§ Dataset extract:
• • • • •

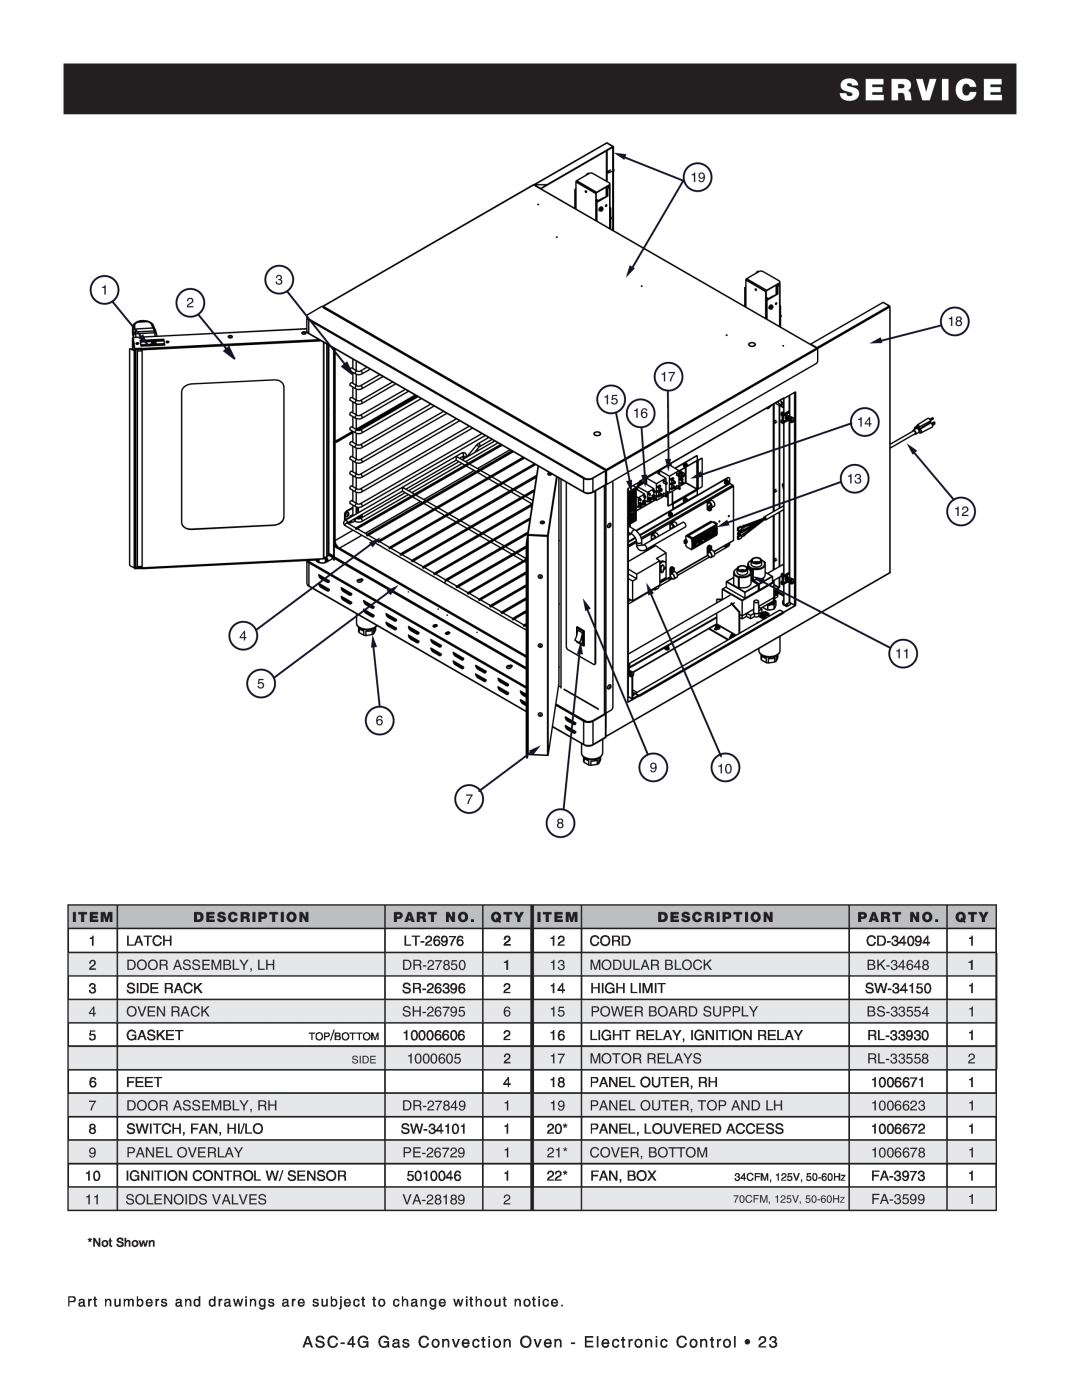 Alto-Shaam manual service, ASC-4G Gas Convection Oven - Electronic Control, Description, BK-34648, BS-33554 
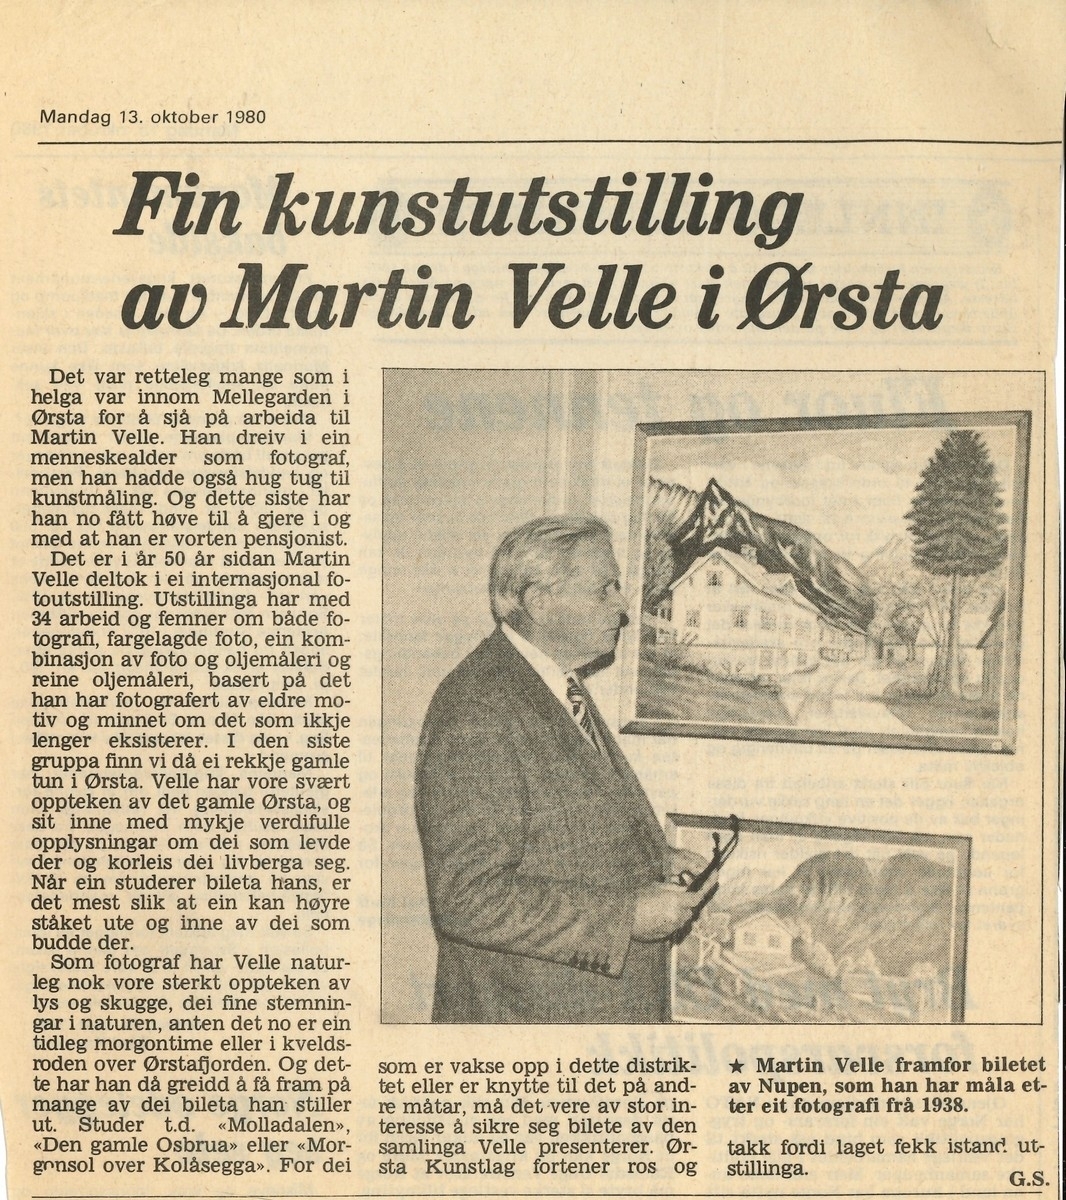 To avisartiklar i Sunnmørsposten om Martin Velle si kunstutstilling i Ørsta i 1980. Artiklane har overskriftene: 1) Martin Velle opnar biletutstilling i Ørsta. 2) Fin kunstutstilling av Martin Velle i Ørsta. Avisene er datert 11. og 13. oktober 1980.
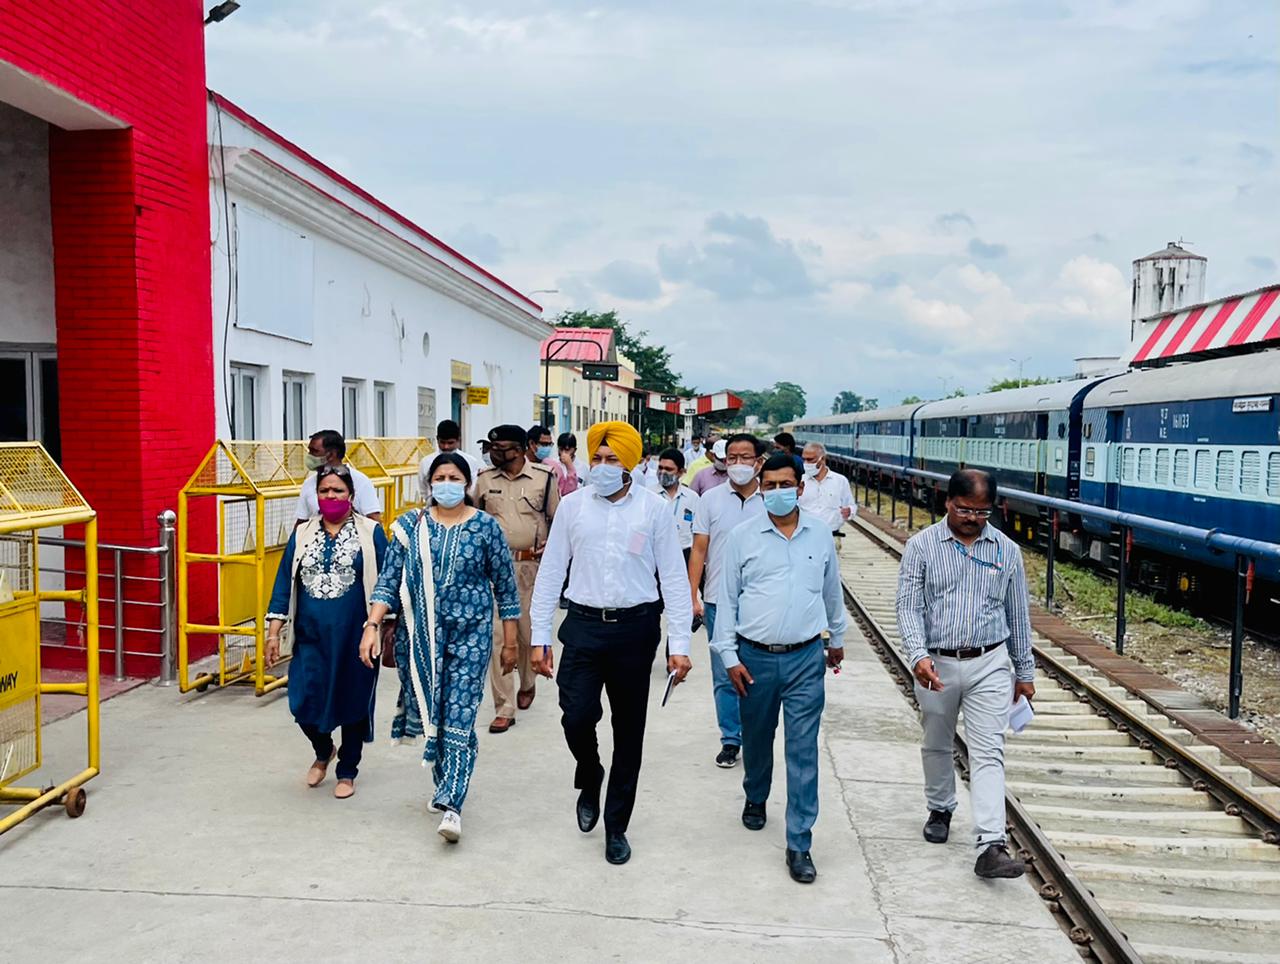 रेलवे बोर्ड की यात्री सुविधा समिति (पीएसी) उत्तर क्षेत्र ने लालकुआँ रेलवे स्टेशन का निरीक्षण किया

• • • • •

§ Required action: Your answer should be the lines from the line containing "To avisartiklar i" through the end of the listing above, output exactly and alone, without the pictures.

§ Written answer:
 To avisartiklar i Sunnmørsposten om Martin Velle si kunstutstilling i Ørsta i 1980. Artiklane har overskriftene: 1) Martin Velle opnar biletutstilling i Ørsta. 2) Fin kunstutstilling av Martin Velle i Ørsta. Avisene er datert 11. og 13. oktober 1980.
 रेलवे बोर्ड की यात्री सुविधा समिति (पीएसी) उत्तर क्षेत्र ने लालकुआँ रेलवे स्टेशन का निरीक्षण किया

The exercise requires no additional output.